Moments before George is about to carry out his plan, a heavenly force — Clarence, a low-level guardian angel trying to earn his wings — intervenes. Clarence’s efforts, and those of Mary, save the day. George learns that his importance to his family and community is immeasurable, and that his many friends truly love him. Anyone whose heart is not encased in granite will find themselves tearing up at It’s A Wonderful Life’s happy ending, an ending that implies that never again will George allow despair to conquer him. George will be okay.

But will Terry, a main character in A Thousand And One, be okay? That’s a worrisome unknown in the powerhouse drama written and directed by A.V. Rockwell.

We first meet Terry (played by three actors, one for each time period the movie covers) in the mid-1990s. He’s six years old at that time, a foster-care child lonely for his absent mother Inez. Portrayed with swagger by Teyana Taylor, Inez is armed with eyes that don’t miss a thing.  She is barely into her twenties and always has lived on society’s edges. Inez re-enters Terry’s life after being released from prison, soon taking him, illegally, from his foster parents. For the next eleven years she tries as best she can to raise him. Ultimately, however, circumstances catch up with them big-time.

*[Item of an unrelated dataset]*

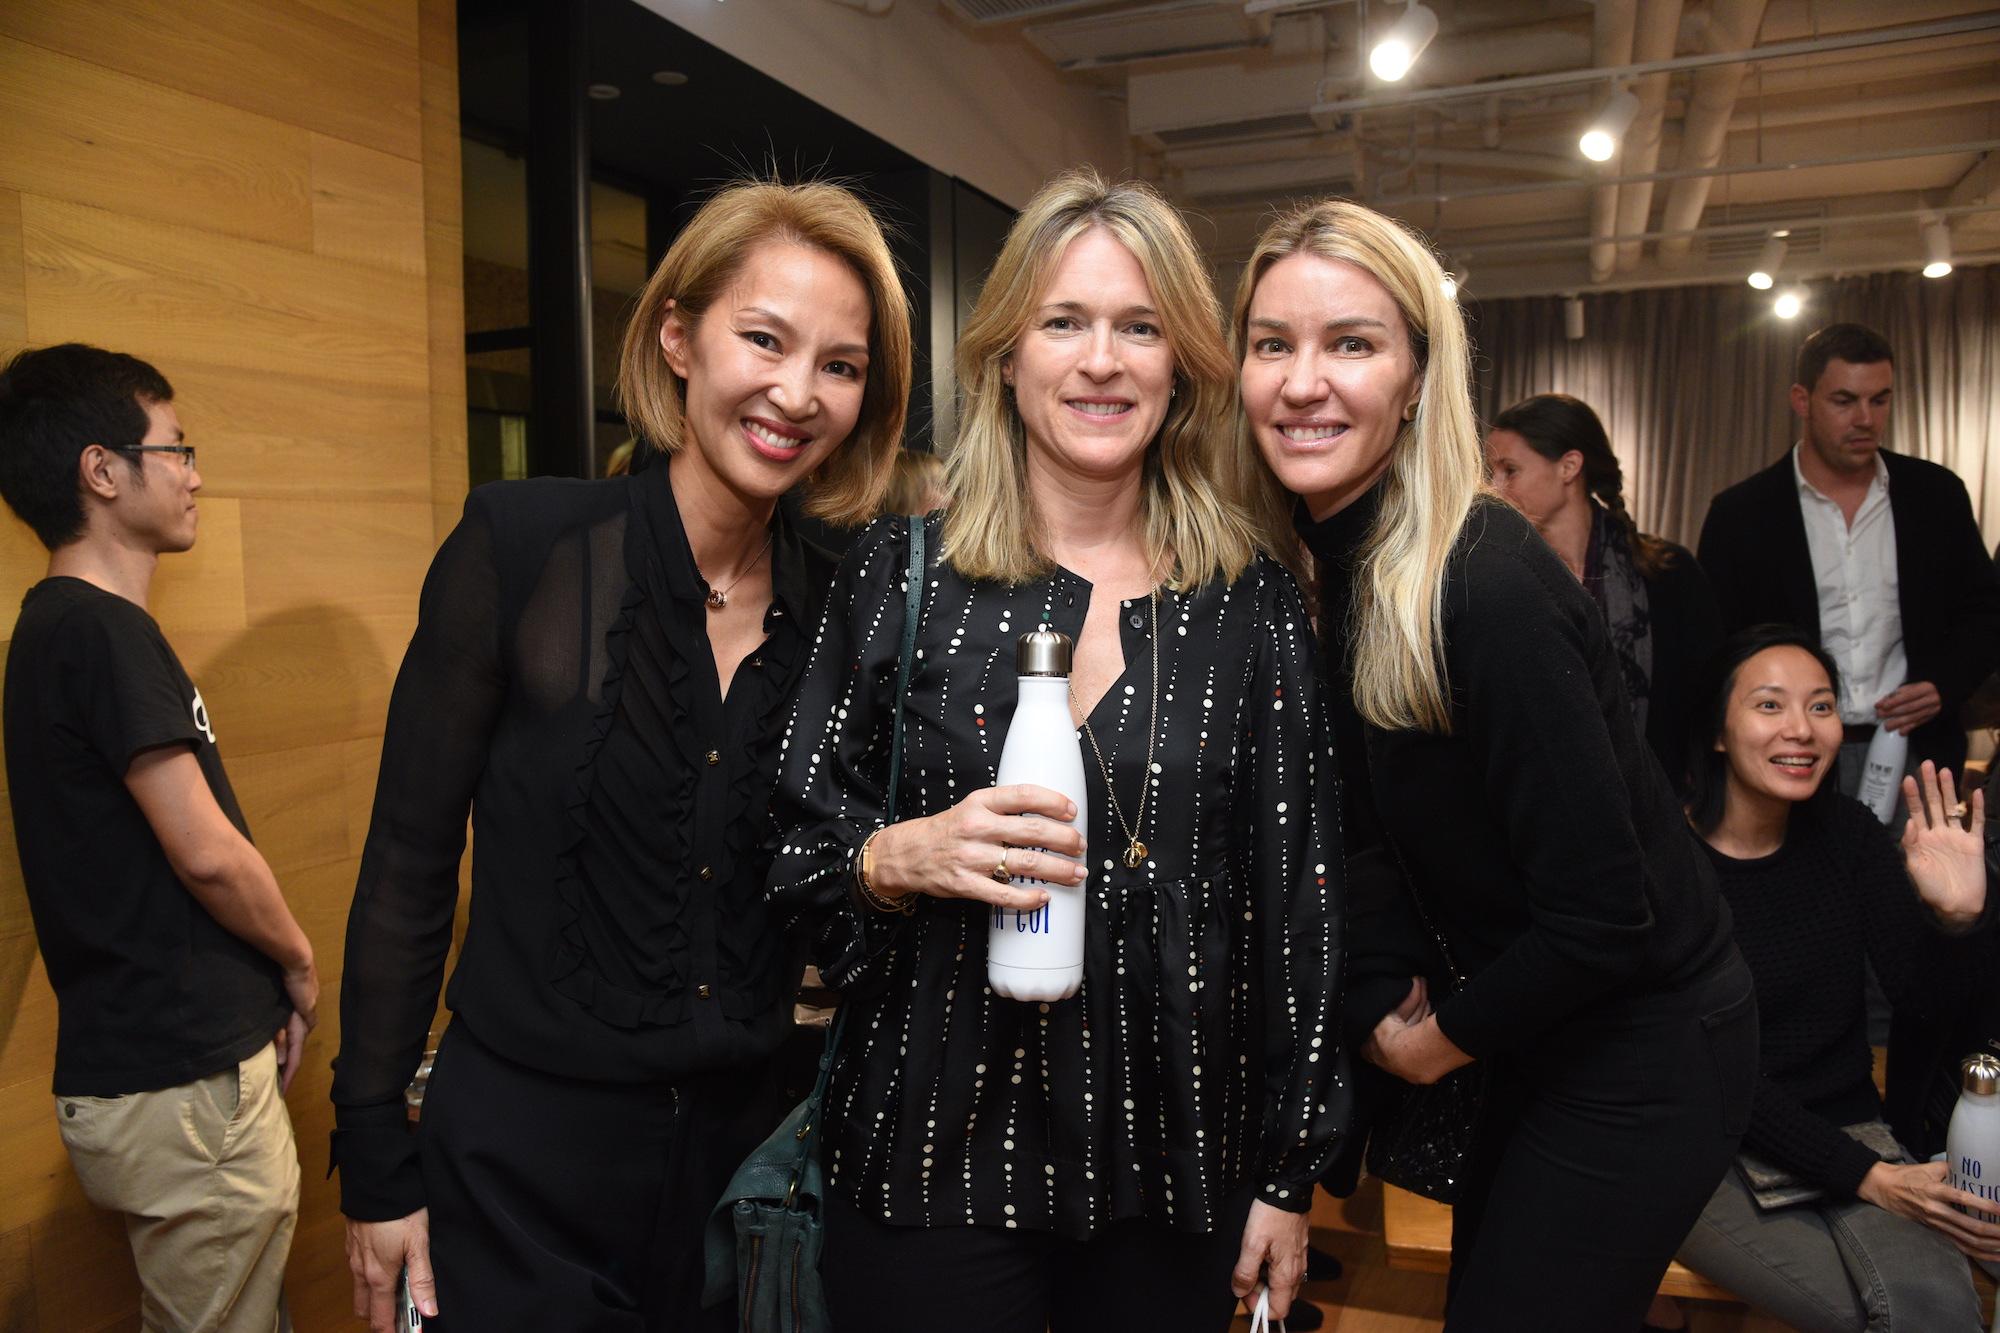 Yolanda Choy-Tang, Martha Keswick, Lucy Bond-Marriott

A Thousand And One pulls no punches. Set mostly in New York City’s Harlem section, it often is as gritty as a sandstorm. I’ve given away much of the ending of It’s A Wonderful Life. I won’t do the same with A Thousand And One, whose concluding scenes I didn’t see coming. Those scenes left me concerned, not for street-savvy Inez’s prospects, but for those of shy and gentle Terry. For the most part, I’ve led a stable and comfortable life. A Thousand And One has me counting my lucky stars.

What a world we live in. So much poverty and inequality. So much violence and emotional trauma. So much intolerance, indifference and deception. That’s the way things always have been. And, I believe, always will be. There also is beauty in our world, of course. And love and joy and kindness. It can’t be denied, though, that life is a very rocky road for multitudes of people. Too many Terrys, and other unfortunates, are out there. If only it were otherwise.